The following poem is Dan Almagor’s response to the ongoing violence of the Israeli-Palestinian Conflict. Although I personally have not experienced times of war, I wanted to write a personal response based off the stories of my father’s childhood. Through an emulation of We Shoot Children Too, Don’t We, I wished to convey some meaning of the emotions that come with war times and explore a story that invokes empathy and insight to both myself and readers.
Prompt: Discuss the ideas developed by the text creator about an individual’s attempt to reconcile the desire to act independently with the need for security. (June 2005)
We Shoot Children Too, Don’t We
Dan Almagor
Most of these people truly desire
To harvest their olive trees
As they have for hundreds of years.
Most of these people truly desire to raise their kids
Not to throw stones
Or Molotov cocktails,
But to study in peace,
To play in peace,
And to raise a flag.
Their own flag.
And facing that flag, to cry
As we did, that night, then, excited as we were.

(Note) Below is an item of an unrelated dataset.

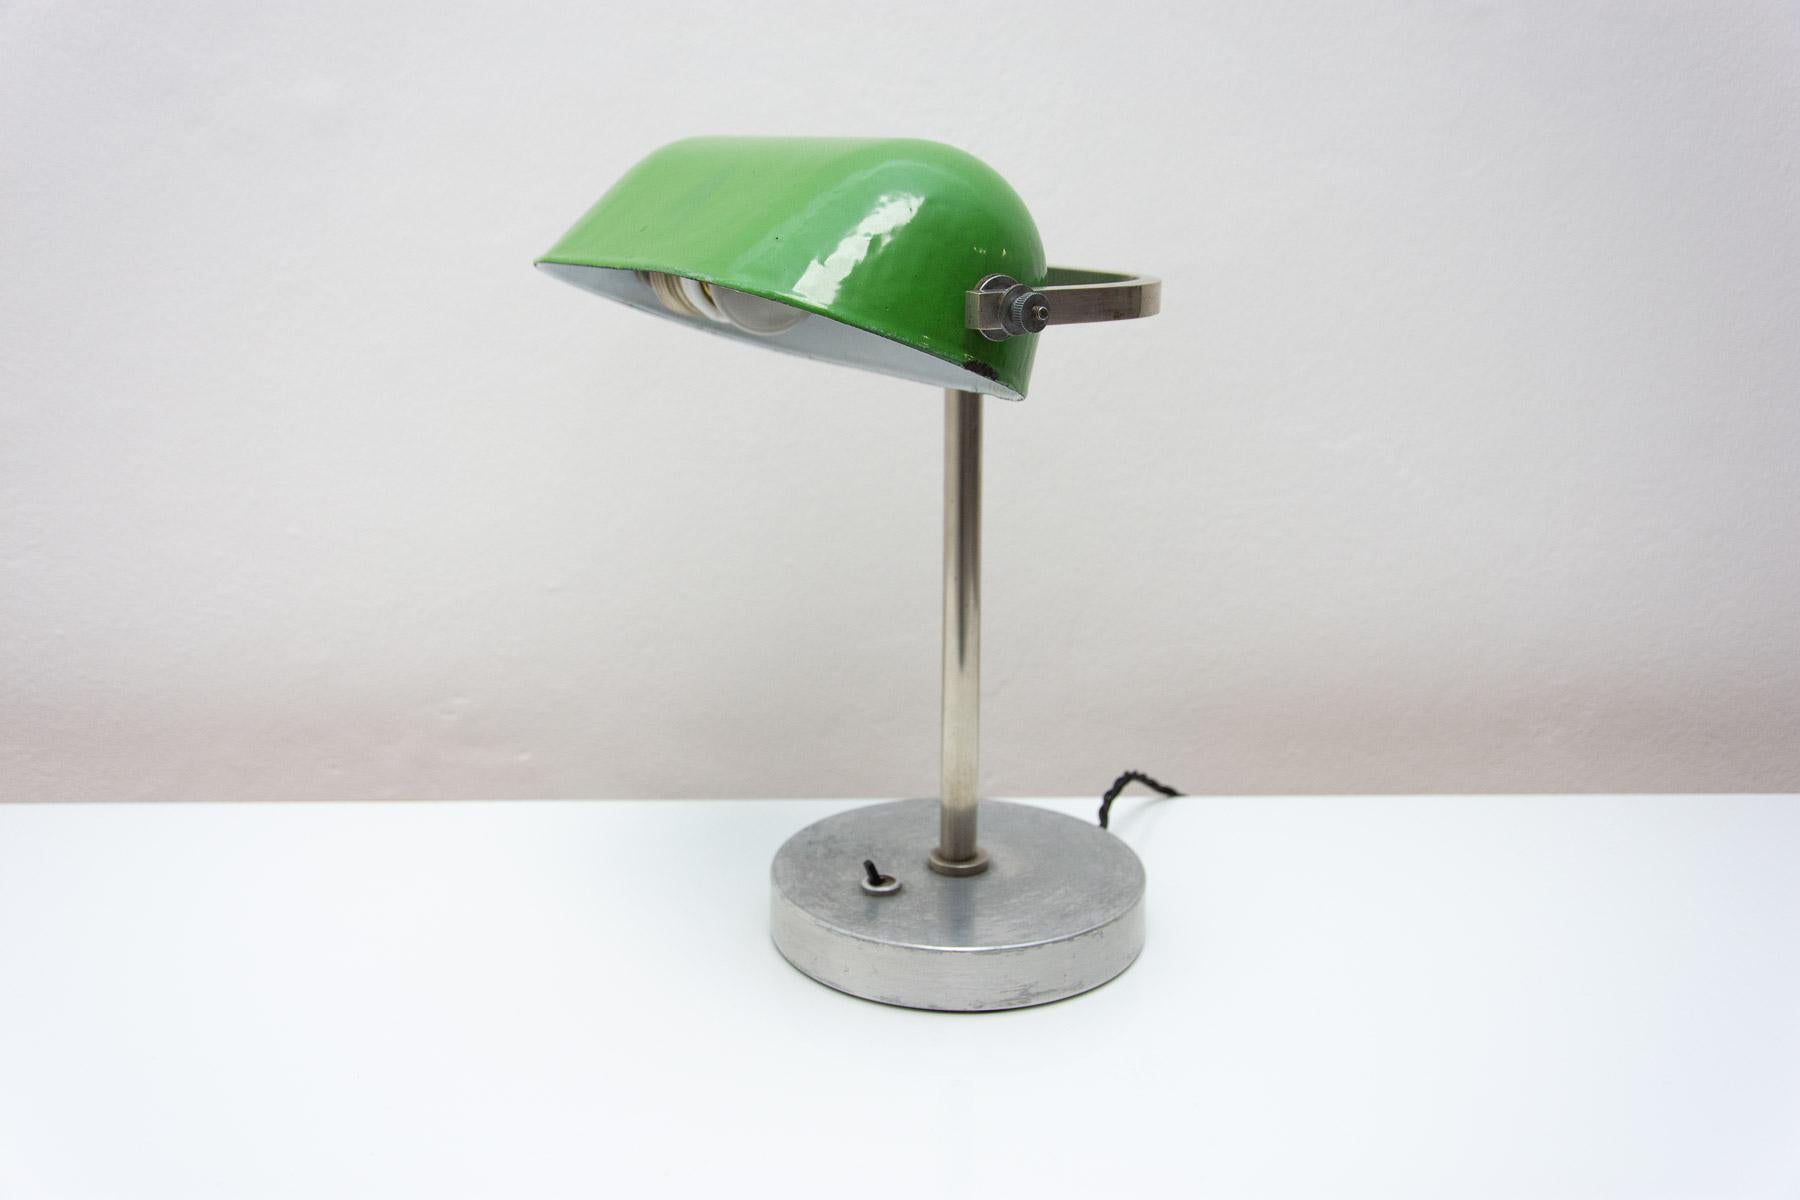 Lampe de bureau caractéristique, style Bauhaus, conçue en 1930. La lampe a une base chromée et un chapeau en métal émaillé. Le bras et le CAP sont réglables. Entièrement réglable et d'un aspect fantastique, il s'adapte à de nombreux intérieurs. En

And we have no, have no, have no
Right in the world
To rob them of this desire.
This flag,
These tears.
These tears, which always, always
Come after all the others.
Let us start preparing our defense.
We will need it soon enough.
All those who actually did it,
And those who still do.
And those who hushed it up,
And those who still do.
And those who said nothing,
And those who clucked their tongues, saying
“Something must be done, really;
(But not tonight. I have a concert,
A gala,
A birthday!)”
Yes, we’ll all get our summons one day
For the Colonels’ trials.
The Colonel’s trials are coming,
Their time will come, it must be so.
The trials of the Generals, the Colonels,
The division, the battalion,
And the platoon commanders.
There is no escaping it.
This is how history works.
What shall we say?
What will the Colonels, the Captains, the
Corporals say?
What will they say
Of those terrible beatings,
The brutality,
Of houses blown up,
And most of all, the humiliation.
That humiliation.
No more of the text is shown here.